Read A Walk with Jane Austen Online
Authors: Lori Smith
A couple of years later, I was telling my friend Dee, “One of my dreams is to hike the Grand Canyon.”
She said, “Really? Want to go over Thanksgiving?”
And there was that moment when I thought,
I can either do this or not
—
I can live my dreams, or I can just talk about them.
So I went. At twenty-seven I bought a pack and a water filter and broke in my hiking boots for fifty miles before we left and learned the intricacies of going to the bathroom off-trail (one of my all-time greatest fears) in a place where you have to pack out absolutely all (really,
all)
of your trash. We slept on a ledge in one of the side canyons, under a nearly full moon, and walked all the way down to the Colorado River and all the way back up, feeling like we knew parts of the Canyon intimately—its quietness and shades, hot afternoons and freezing nights.

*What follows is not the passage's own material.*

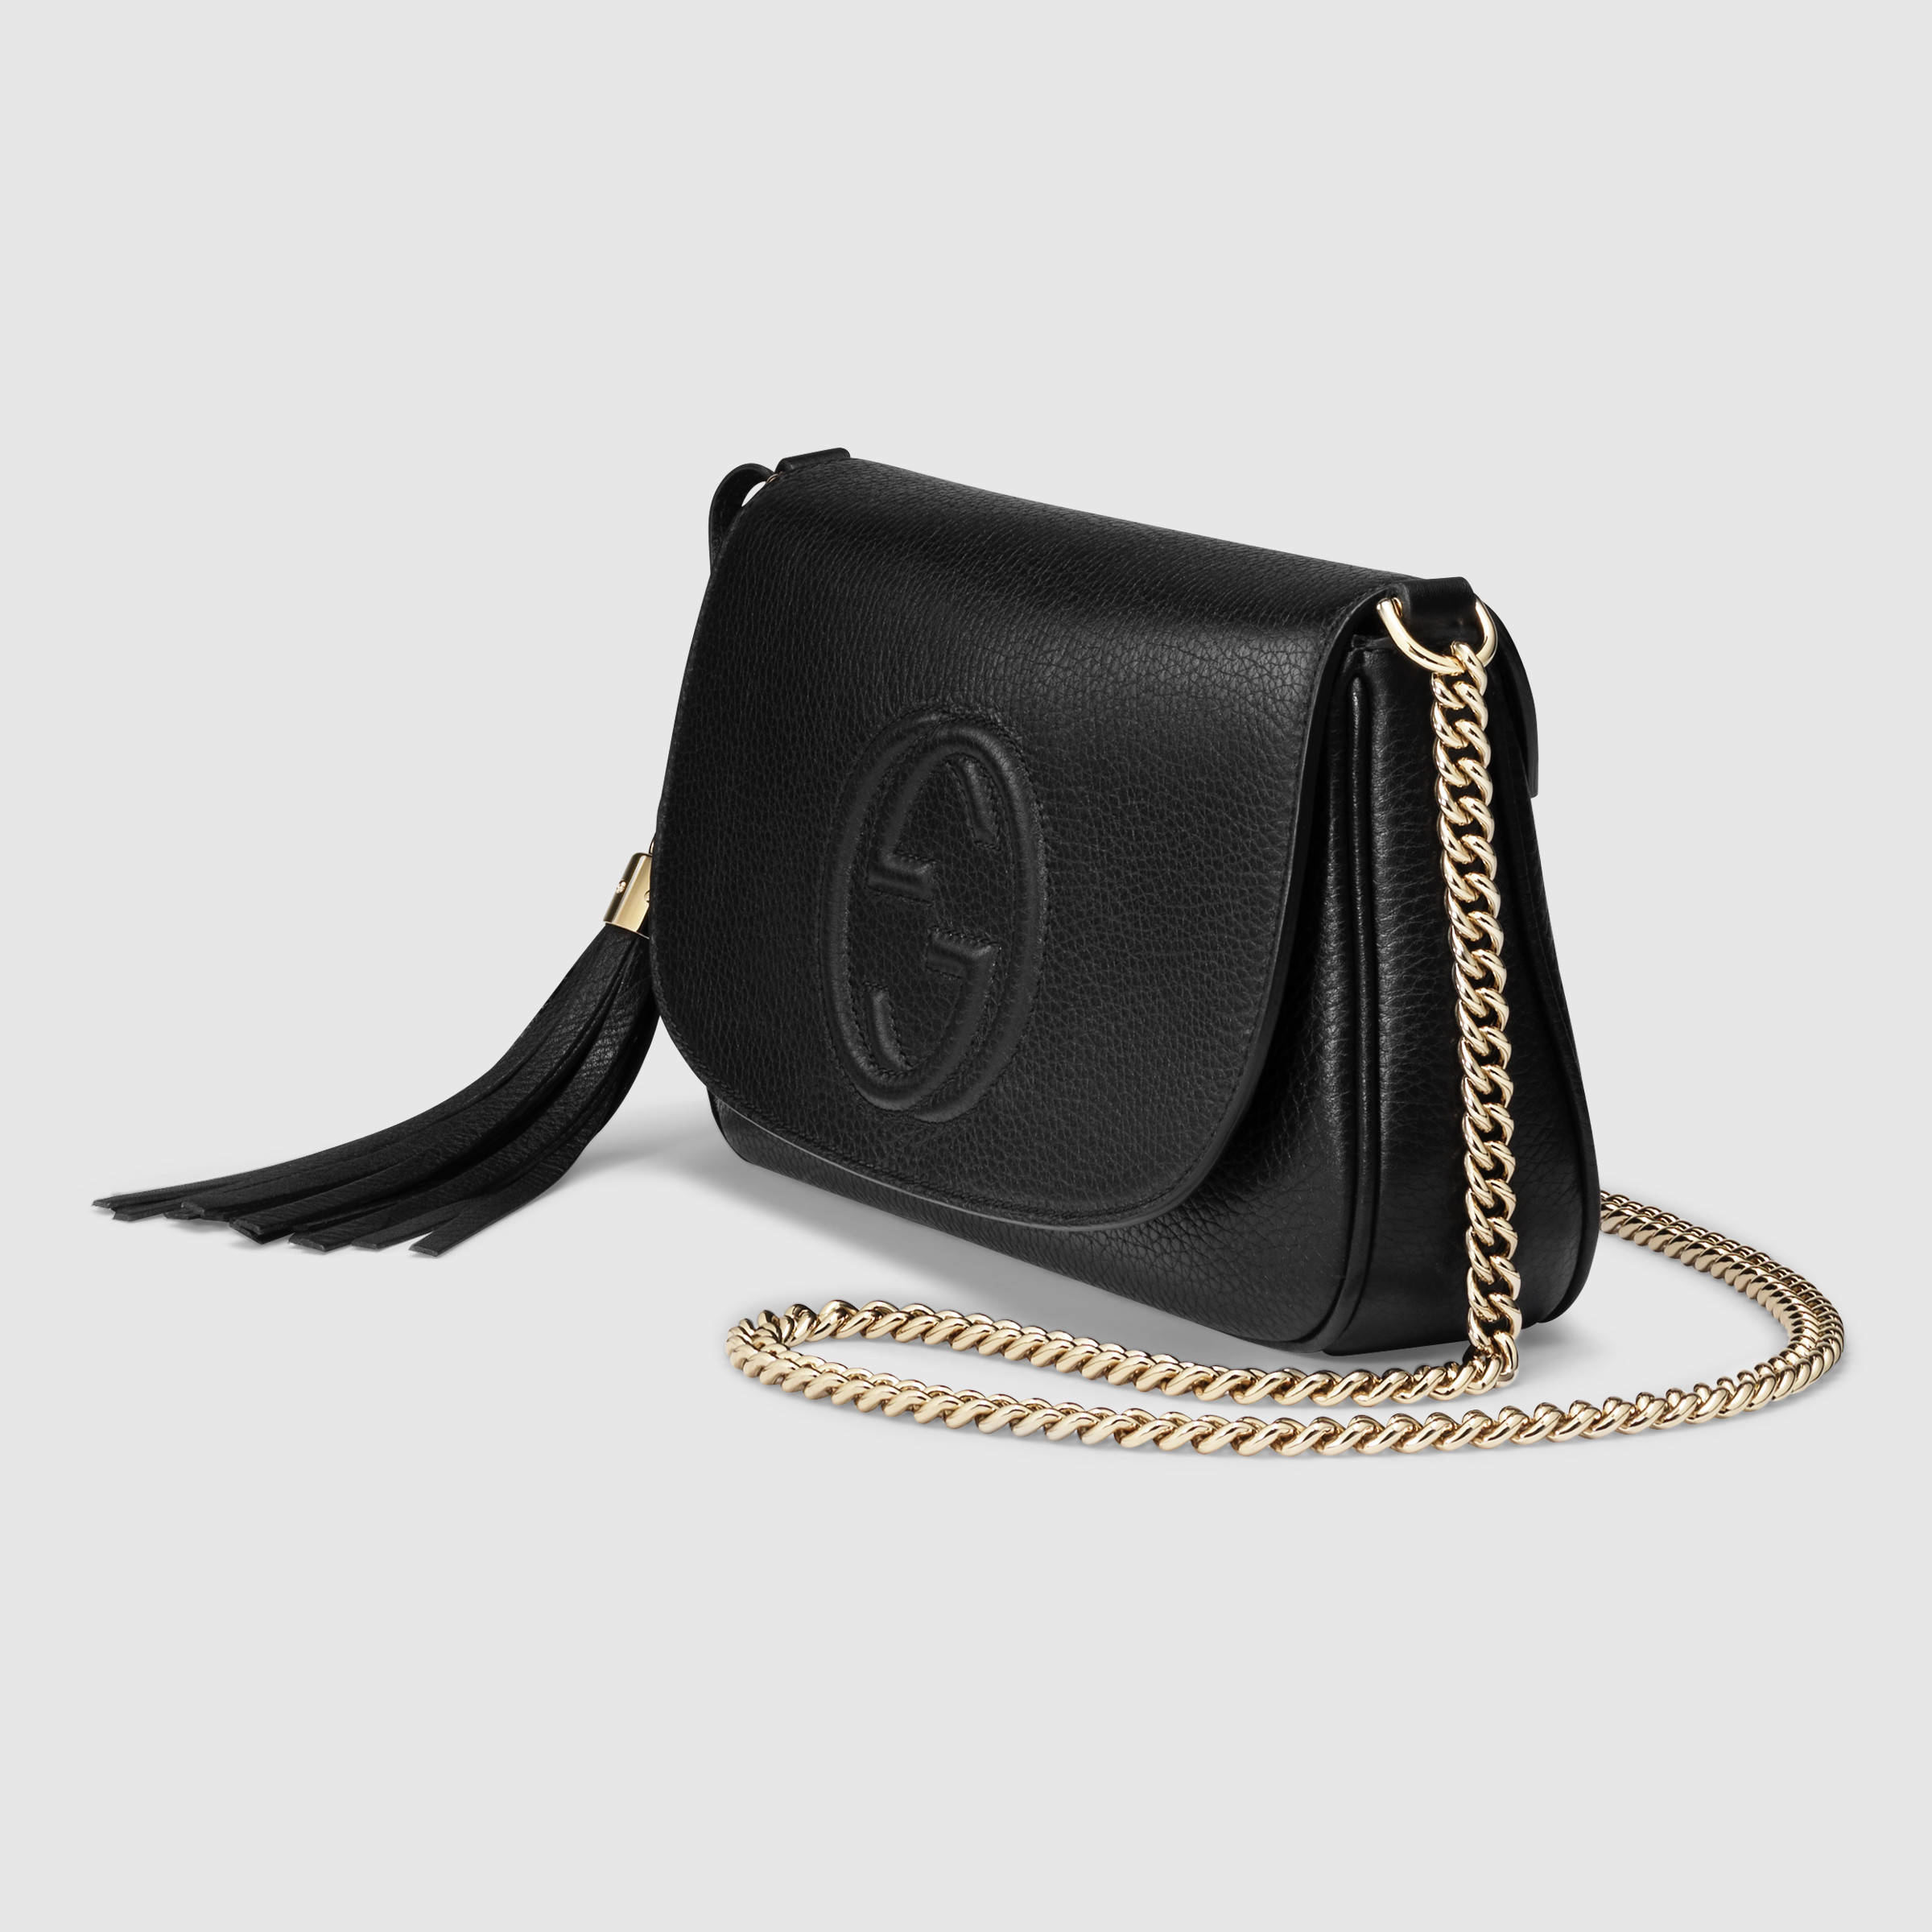 Gucci Soho Leather Shoulder Bag in Black Leather (Black) - Lyst
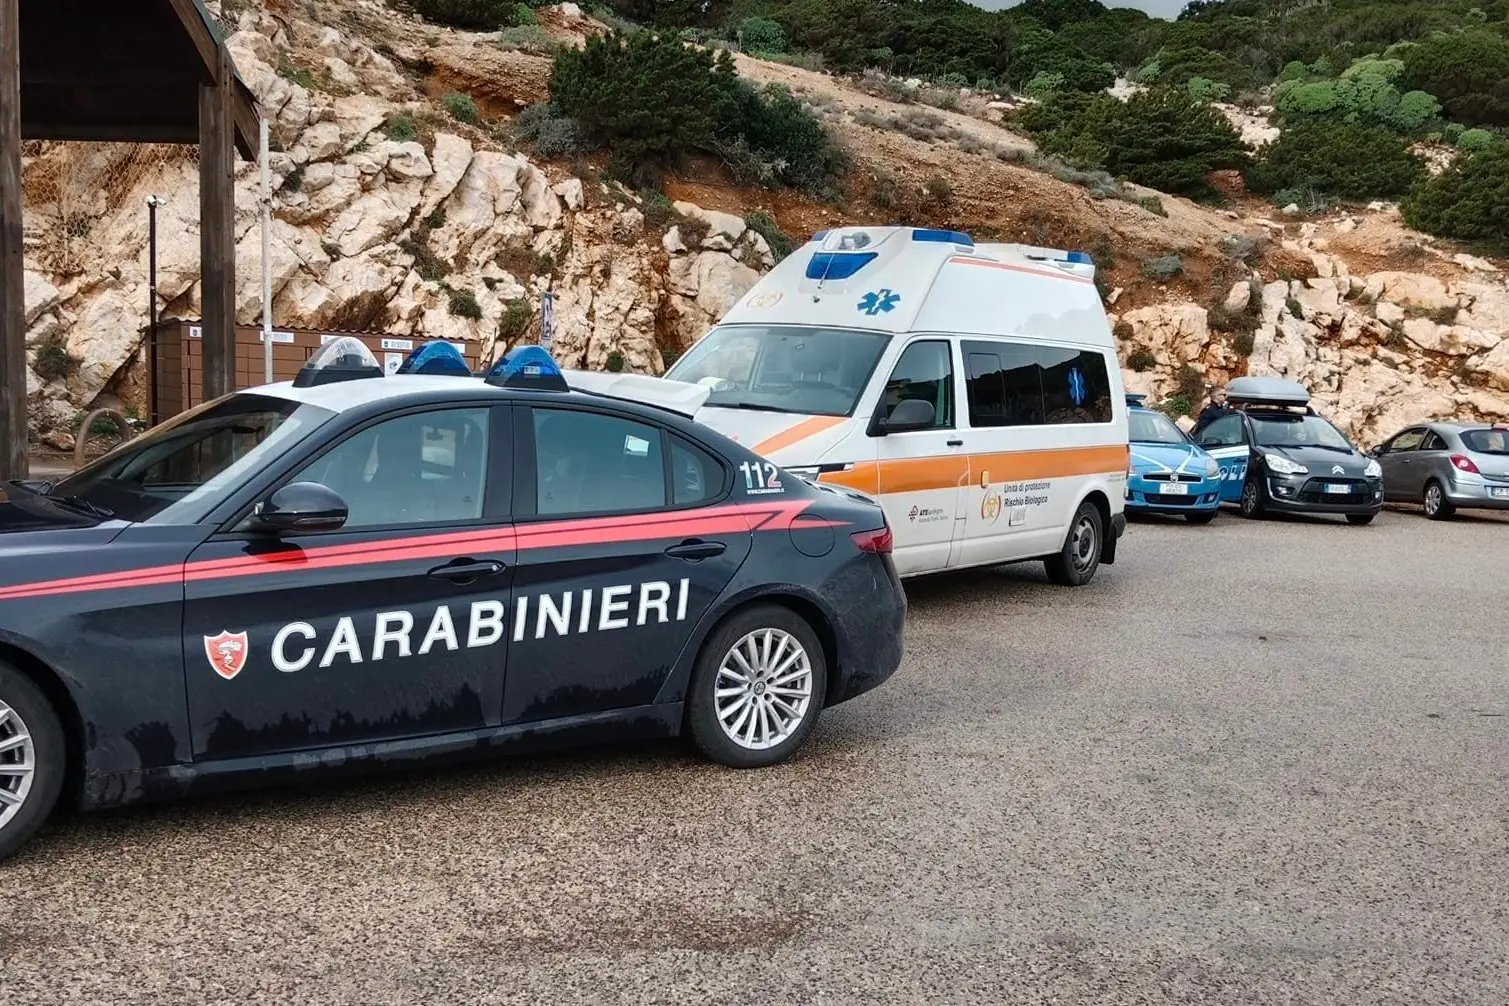 Carabinieri, polizia e ambulanza sul luogo del ritrovamento del corpo (Foto concessa)

Two years later I was carrying nearly forty pounds, walking into a thick Montana forest for seven days in Glacier National Park back country. I was afraid of bears there, the way I had been of scorpions and rattlesnakes in the Canyon, or that maybe I would die somehow on the trail—starved to death with a broken leg, happening upon a big grizzly in her dawn feeding. There are always fears. Maybe for some people there aren't, but I am not one of those people. C. S. Lewis said every time you make a decision, you change the central part of you that chooses.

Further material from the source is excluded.